### Directions for this task
Retype the listing exactly as it stands, and keep every image out.

Data below Block Start

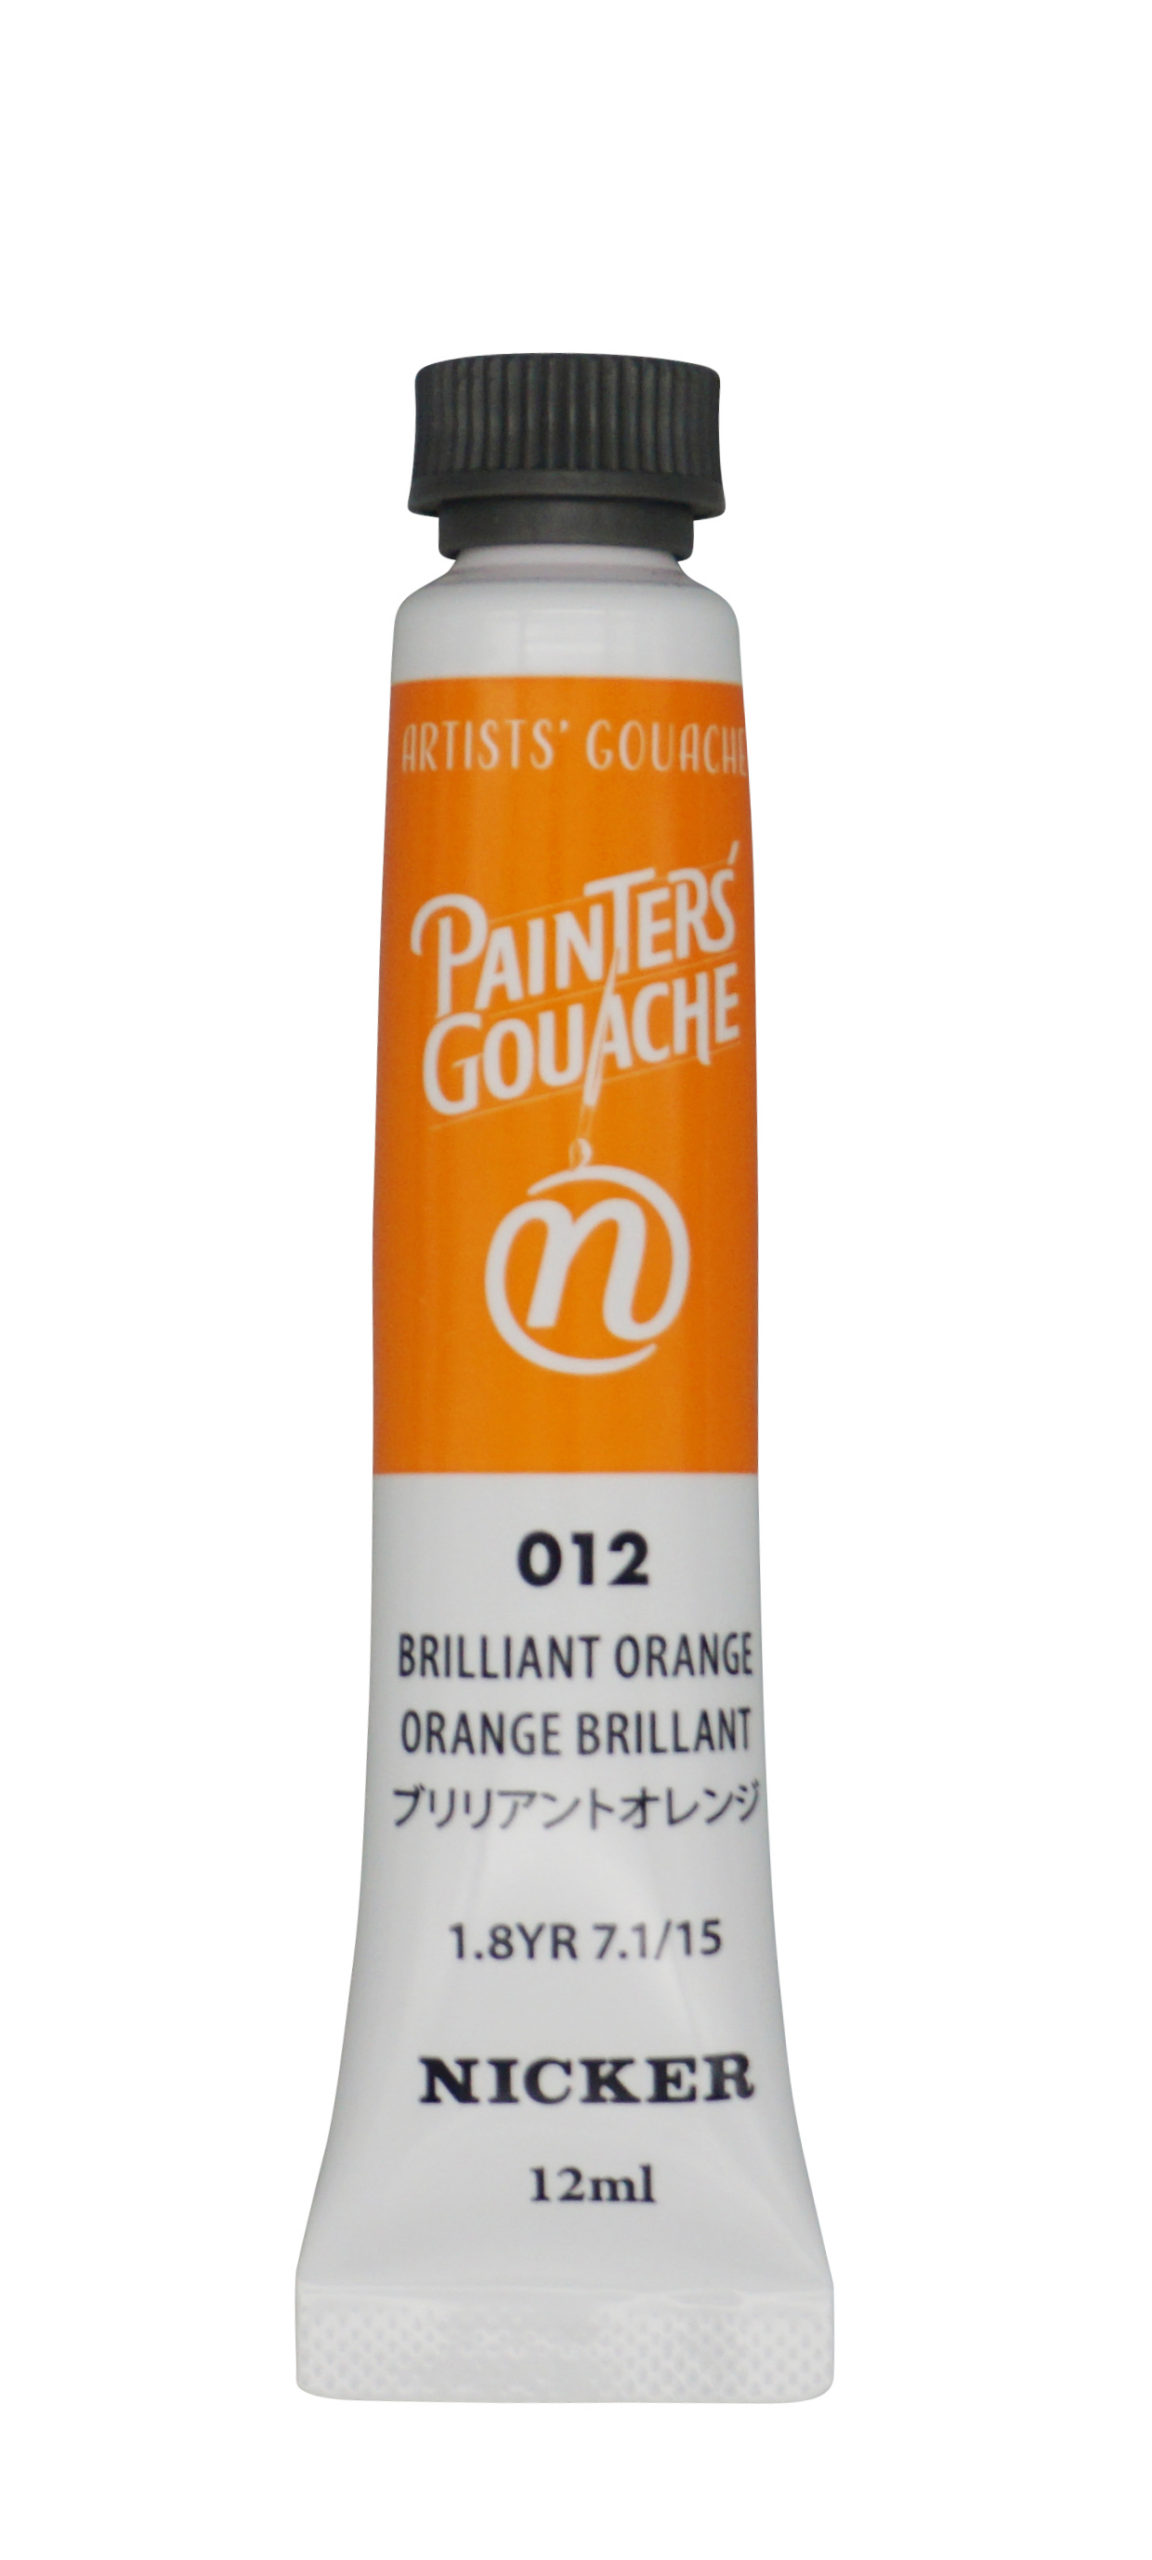 PAINTER'S GOUACHE BRILLIANT ORANGE
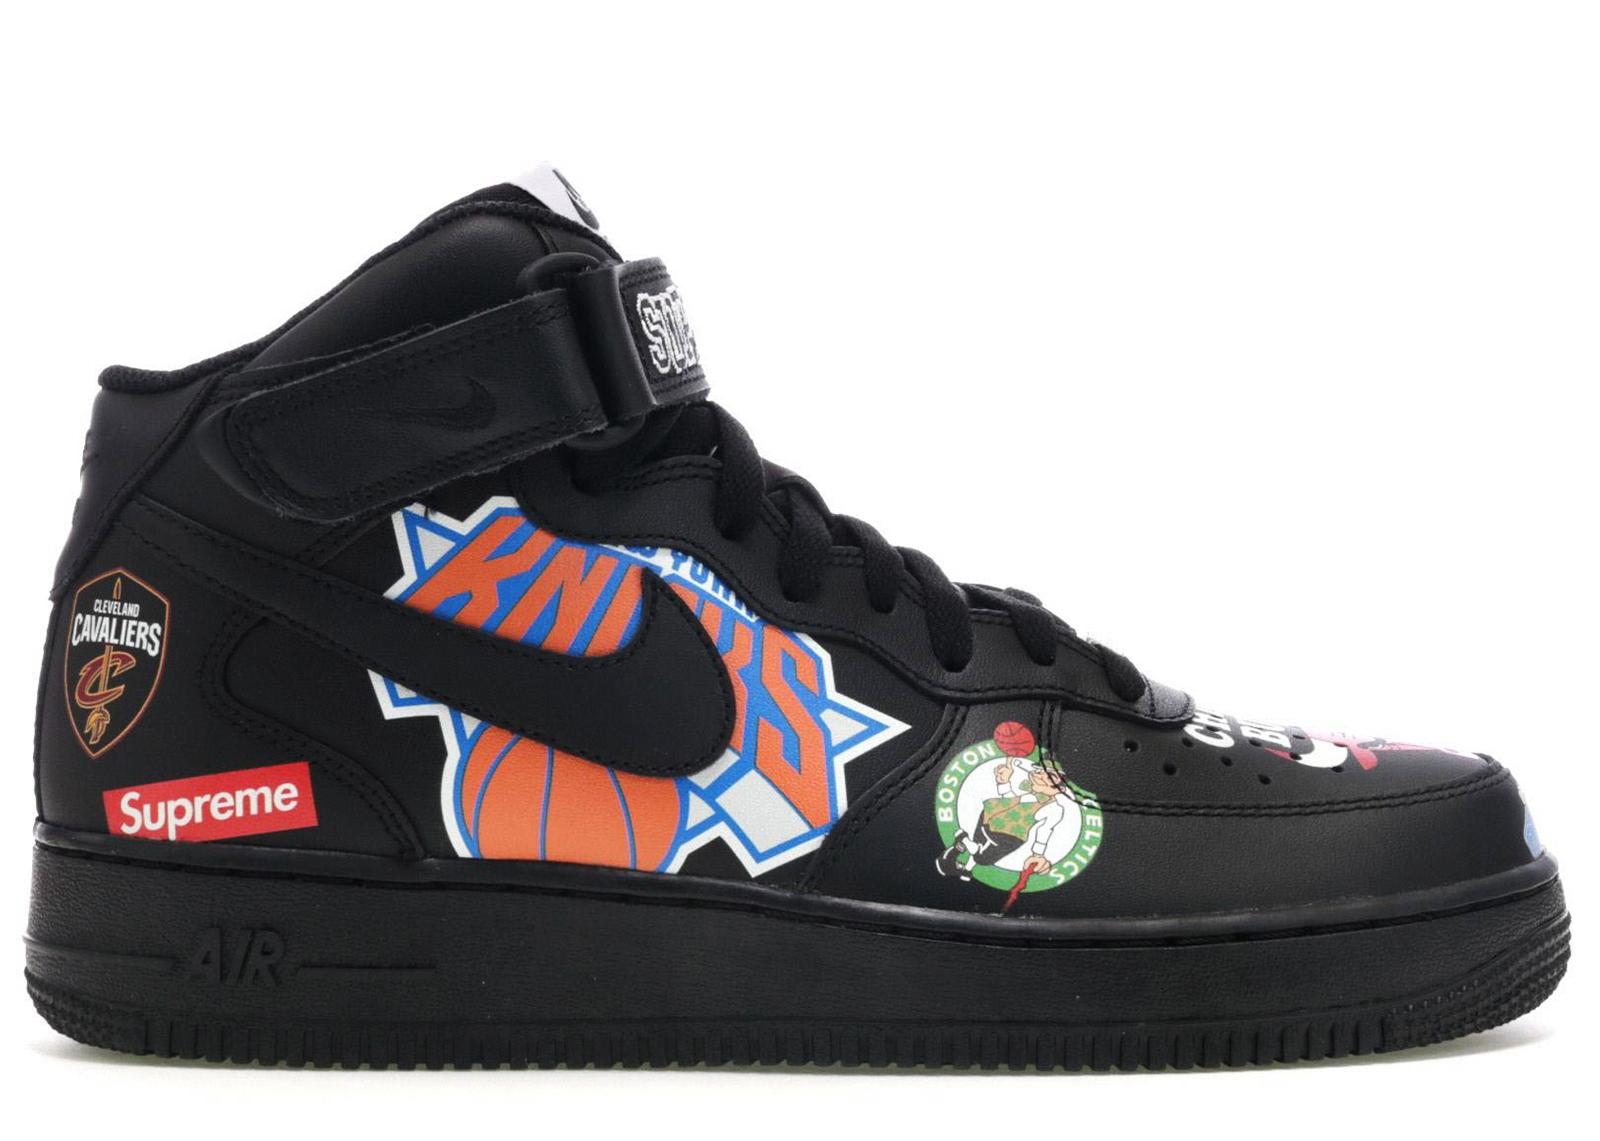 chaussure air force 1 nba
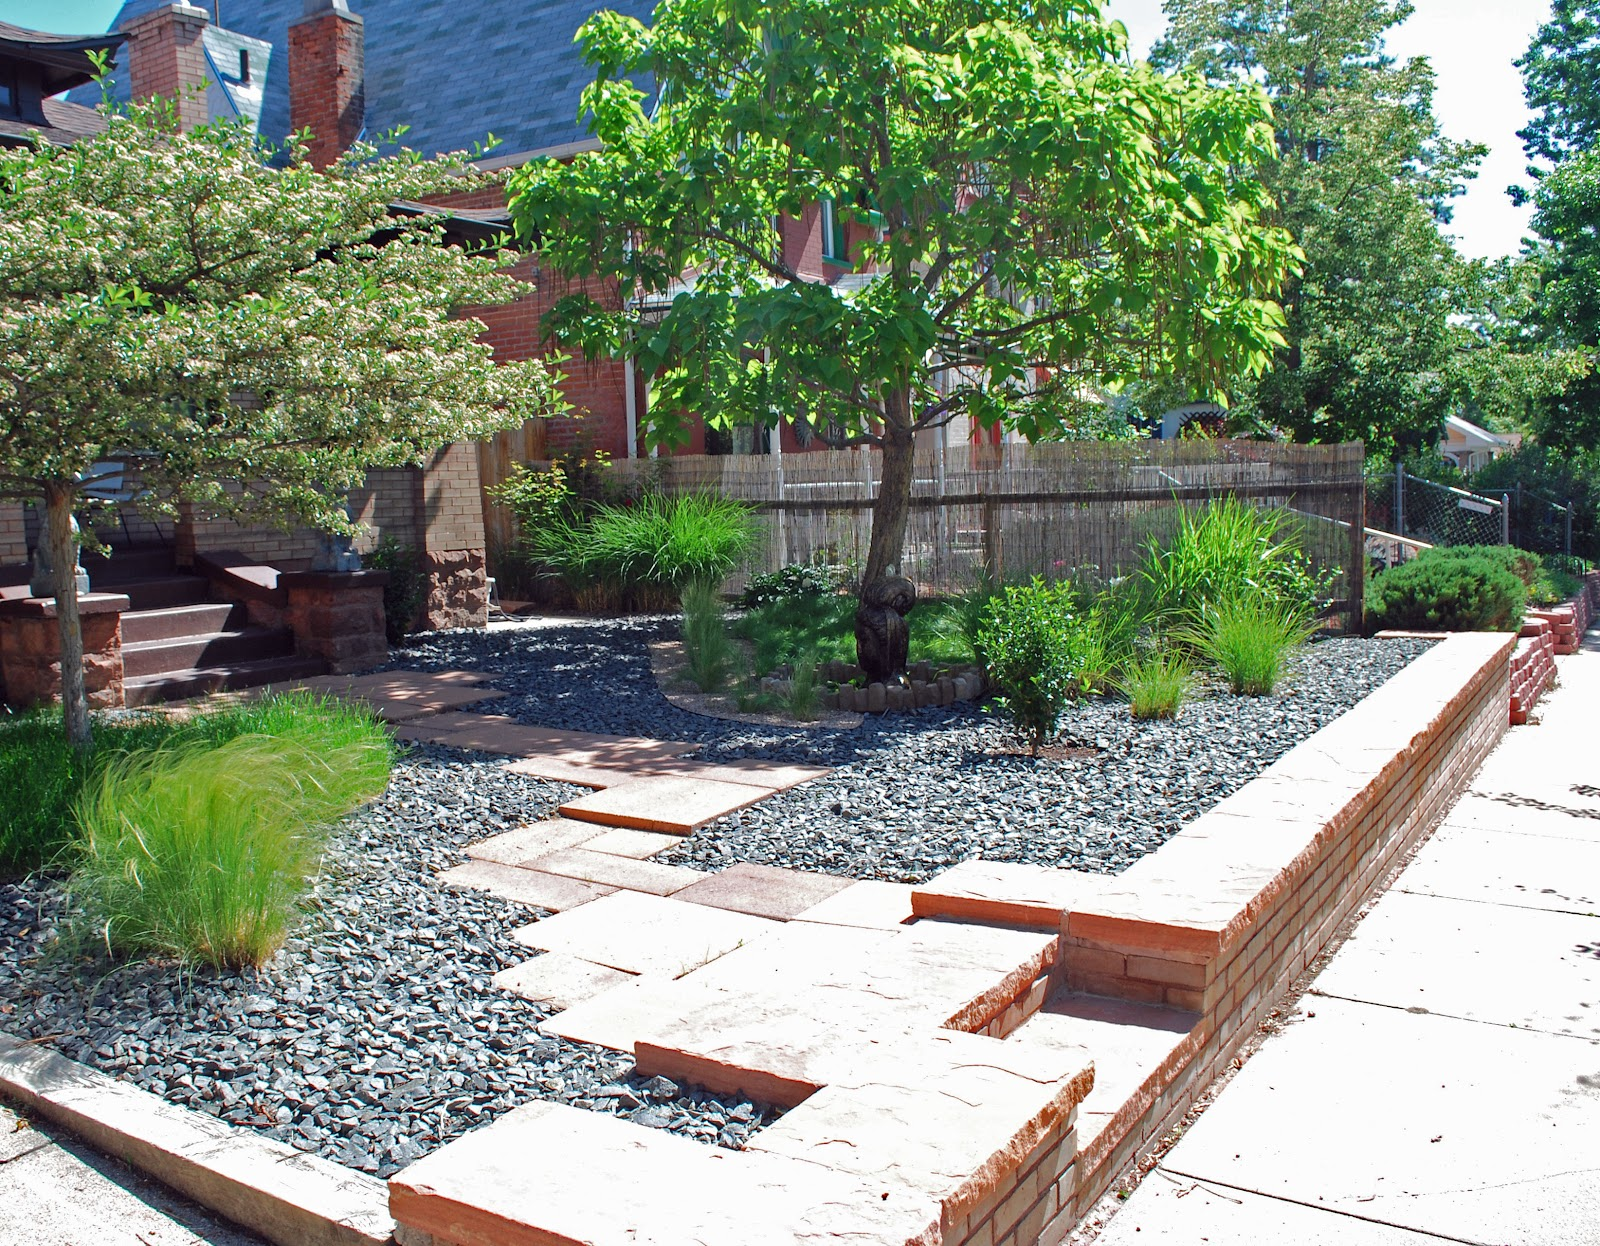 landscape design focus low maintenance garden share bristol. Black Bedroom Furniture Sets. Home Design Ideas

Data below Block End

### Result of the task
 PAINTER'S GOUACHE BRILLIANT ORANGE
 chaussure air force 1 nba
 landscape design focus low maintenance garden share bristol. Black Bedroom Furniture Sets. Home Design Ideas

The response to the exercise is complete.